I watched a 1959 movie the other night. "On the beach" starring Gregory Peck and Ava Gardner. It's kind of a romantic-apocalyptic movie. The plot is that there was a nuclear war in the northern hemisphere. Everybody died, either from the exchange or from the background radiation, which could kill you in a few days. Peck is the captain of a U.S. submarine and goes to Australia, which is temporarily safe because the northern and southern hemispheres are somewhat isolated from each other. Gardner is in Australia and Peck and Gardner have a fling for a couple of months before the radiation finally gets them too. Peck had a line from the movie saying that they never really understood how the war happened....... From Wikipedia: Researcher Andrew Bartlett noted: "The American government complained of Kramer's On the Beach (1959) that it inaccurately presented the threat of extinction from nuclear war because there were not then enough weapons to cause extinction." I would guess there are now though. So is that progress?
"Where are today’s Shoups among the U.S. military brass? Where are the leaders who are against genocidal nuclear war and who are willing to speak out against it? Where are the leaders who reject a new cold war with China and Russia? Where are the leaders with the courage to advocate for peace whenever possible in place of more and more war?"
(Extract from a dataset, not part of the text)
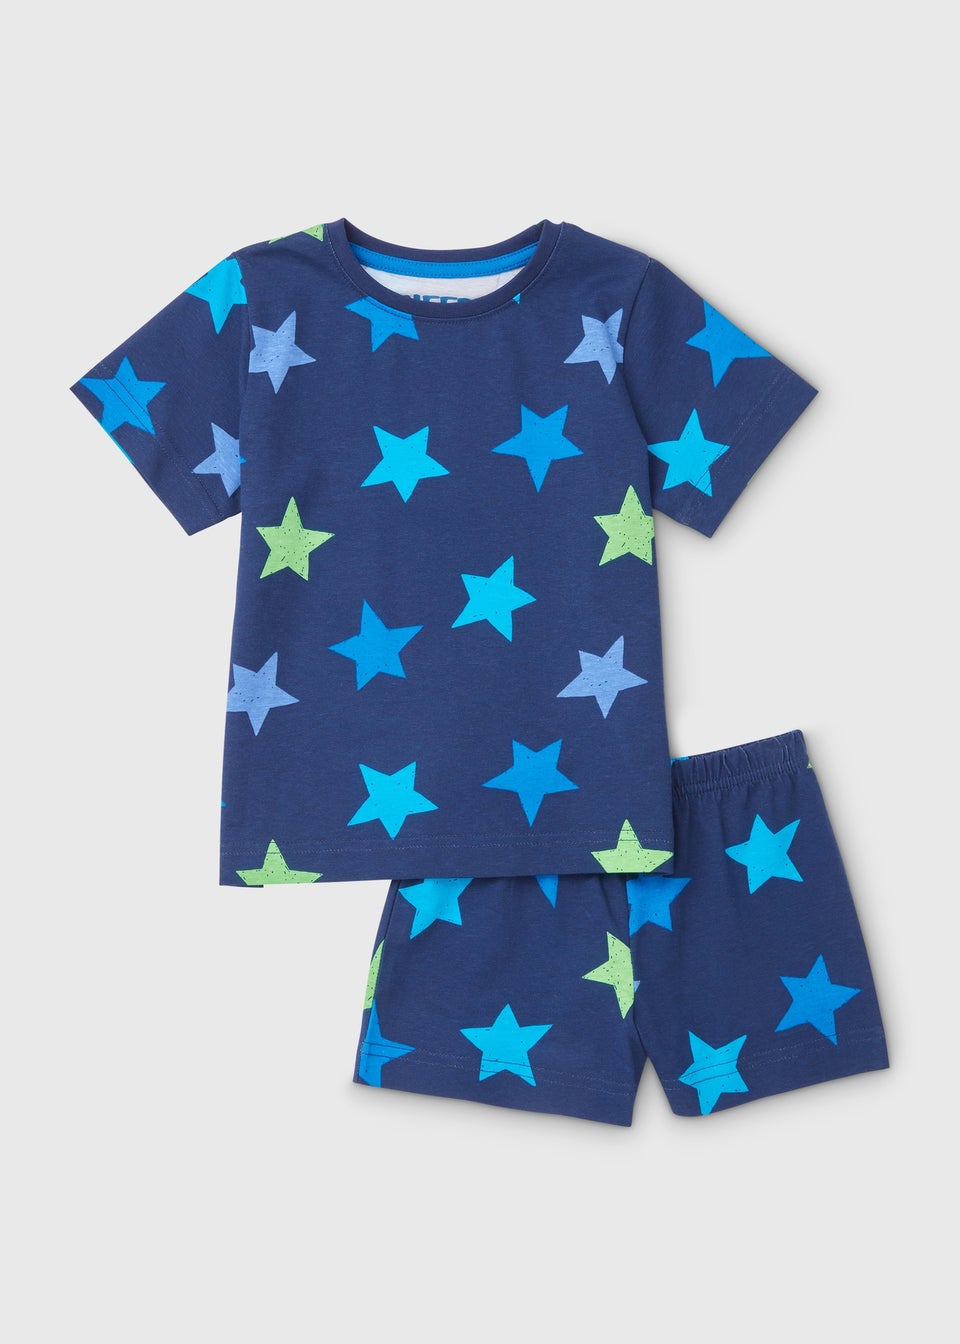 Boys Navy Star Shortie Pyjama Set (9mths-5yrs)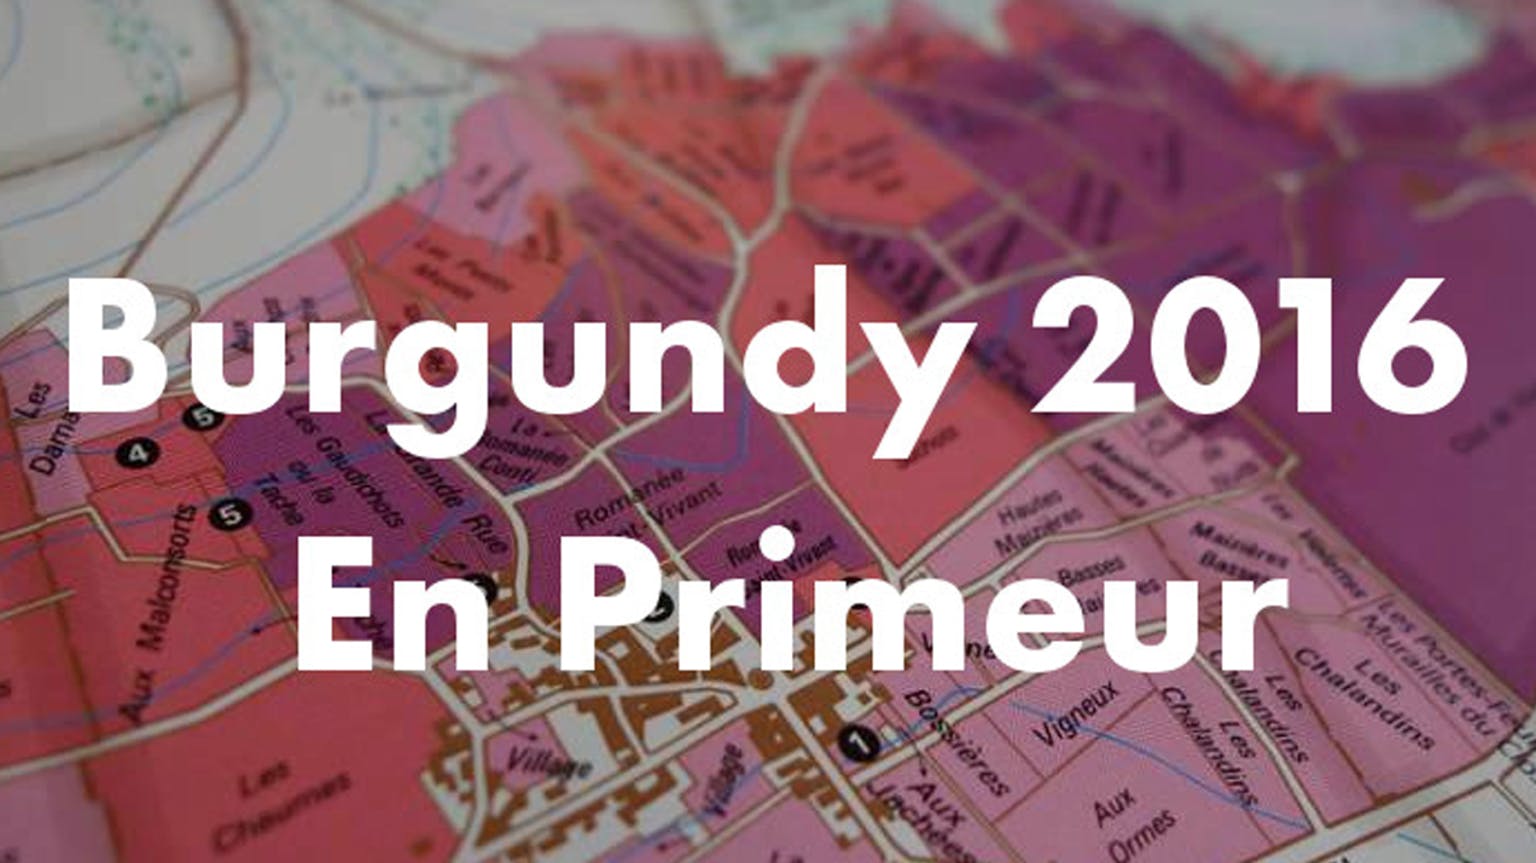 Burgundy 2016 En Primeur: Early Opinions

Where indeed? I'm not sure that Eisenhower belongs on your, or anyone's list, of leaders principled and courageous enough to resist the pressure to threaten, attack, and bully the world through the medium of global militarism. World leaders are not the statesmen they used to be, and in fact they never were, with perhaps very scant exception. But now there is a lock on being able to choose such people as premiers and "lawmakers" (as they are laughingly called). You can't name one that isn't bought and paid for, and you can hardly name one that isn't embarrassingly stupid (that is to say, utterly lacking in phronesis). The voters in the Western version of "democracy" have no chance—and perhaps, in the end, no will, and certainly no skill—to rid themselves of rule by venial, and evil, morons. So that what they get, whether or not happily or under protest. I would say that the quality of "leadership" is at zero, except for the fact that it continues to decline. Can you imagine that in the UK they swapped out the idiot Boris Johnson for . . . Liz Truss. This is, by the way, not a left-right issue. As Mr. Astore has just recently pointed out there is no "left" in the US. And what to "left" and "right" mean today, anyway? But I digress. There are any number of sane people around who would like not to destroy the world and think that the world could be, and should be, a lovelier and more peaceful place than it is—people who (with great effort and sometimes at great cost) speak out. In general, none of those people are really classifiable as being "left" or "right", even though they are are rhetorically classified (and "smeared") as such. But the voices of those people have no effect on the loci of power or mastery of the world. Our "leaders" are devoid of phronsesis, but they are long on low cunning, vanity, greed, hate, ambition, and aggressiveness, and have, in concert, shaped a system that locks out from any position of leadership any individual that is not of their ilk. Principled, sane "mavericks" are not tolerated. So, Mr. Astore, the kind of people that you are looking for are around, but you'll never find them in the Halls of Power, and I think that there is nothing that we can do about it. Chomsky talks about "movements", but the public is inert; ain't gonna happen, so let's go have a beer.